# MAC Shale vs. MAC Quarry: if you could get only one++



## Stage Kitten (Apr 14, 2009)

which would you choose?  I know that Shale has some shimmer and Quarry does not...but besides that, they look pretty similar in the pot.


----------



## moopoint (Apr 14, 2009)

*Re: Shale vs. Quarry: if you could get only one++*

SHALE!!

Shows up much better. Quarry is an ok crease color, but Shale is more versatile.


----------



## Rancas (Apr 14, 2009)

*Re: Shale vs. Quarry: if you could get only one++*

Shale. 

Quarry is very blah on me, I don't like it at all.


----------



## SpringDancer (Apr 14, 2009)

*Re: Shale vs. Quarry: if you could get only one++*

Shale would be my choice. One of the most beautiful and versatile eyeshadows, IMO. Quarry is sort of boring.


----------



## xxManBeaterxx (Apr 14, 2009)

*Re: Shale vs.
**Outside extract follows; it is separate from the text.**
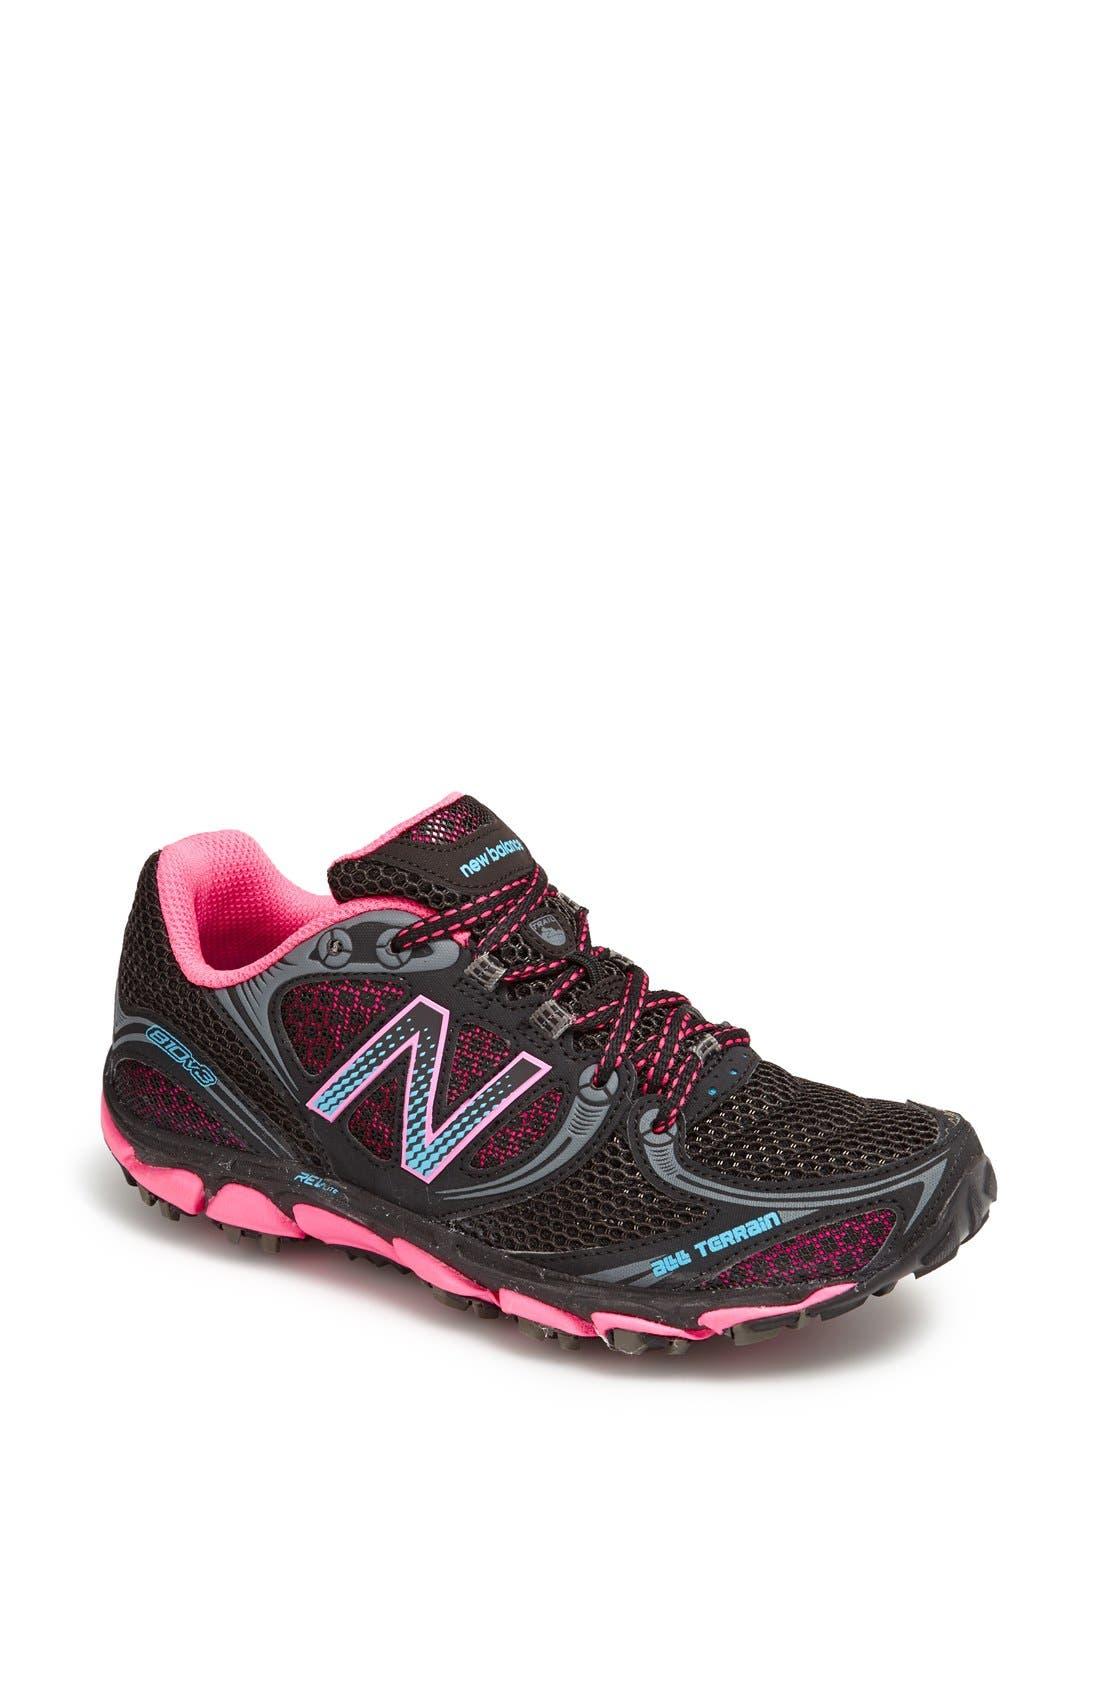 '810' Trail Running Shoe,                             Main thumbnail 1, color,                             018

Quarry: if you could get only one++*

Shale all the way.  Quarry is yuck..


----------



## Exotica (Apr 14, 2009)

*Re: Shale vs. Quarry: if you could get only one++*

shale definately!


----------



## User38 (Apr 14, 2009)

*Re: Shale vs. Quarry: if you could get only one++*

Shale.. definitely is much prettier and versatile


----------



## Stage Kitten (Apr 14, 2009)

*Re: Shale vs. Quarry: if you could get only one++*

Shale it is...thanks for the help, everyone!


----------



## lushious_lips (Apr 14, 2009)

*Re: Shale vs. Quarry: if you could get only one++*

Shale is a versatile color.


----------



## purrtykitty (Apr 14, 2009)

*Re: Shale vs. Quarry: if you could get only one++*

Shale and Quarry are verrry different colorwise.  Shale is much more pigmented and a gorgeous toned-down plum.  Quarry is matte and much more brown with a hint of pinky-purple.  Both are great for achieving different looks, but I prefer Shale.


----------



## Twinkle_Twinkle (Apr 15, 2009)

*Re: Shale vs. Quarry: if you could get only one++*

Shale.  It's so pretty.


----------



## dominichulinda (Apr 18, 2009)

*Re: Shale vs. Quarry: if you could get only one++*







2nd row, 3rd eyeshadow (quarry)..I wish I knew about "shale"


----------



## foxyqt (Apr 20, 2009)

*Re: Shale vs. Quarry: if you could get only one++*

Shale for me too! I like both, but as others have said, Shale is much more versatile.. I use Quarry as a crease color only..


----------



## Teacakeanyone (May 21, 2010)

*Re: Shale vs. Quarry: if you could get only one++*

I know this post is pretty much done, but I felt compelled to chime in and say that I recently bought BOTH and that they're lovely layered (with shale over quarry). It helps bring out the warmth of shale! I'm loving it on my lids with sketch and print in the crease/outer-V!


----------



## User38 (May 22, 2010)

*Re: Shale vs. Quarry: if you could get only one++*

Shale-- sigh, brings out the greens in my eyes


----------



## miss_supra (May 22, 2010)

*Re: Shale vs. Quarry: if you could get only one++*

Get Shale, the only time I really use Quarry is in the crease and outer v for a slight darkening with purple toned colors.


----------



## Susanne (May 22, 2010)

*Re: Shale vs. Quarry: if you could get only one++*

Another vote for Shale


----------



## LAMB4LIFE (May 23, 2010)

*Re: Shale vs. Quarry: if you could get only one++*

shale!!!!!!!!!!!!!!!!


----------



## MzzRach (May 23, 2010)

*Re: Shale vs. Quarry: if you could get only one++*

*moving to MAC Chat*


----------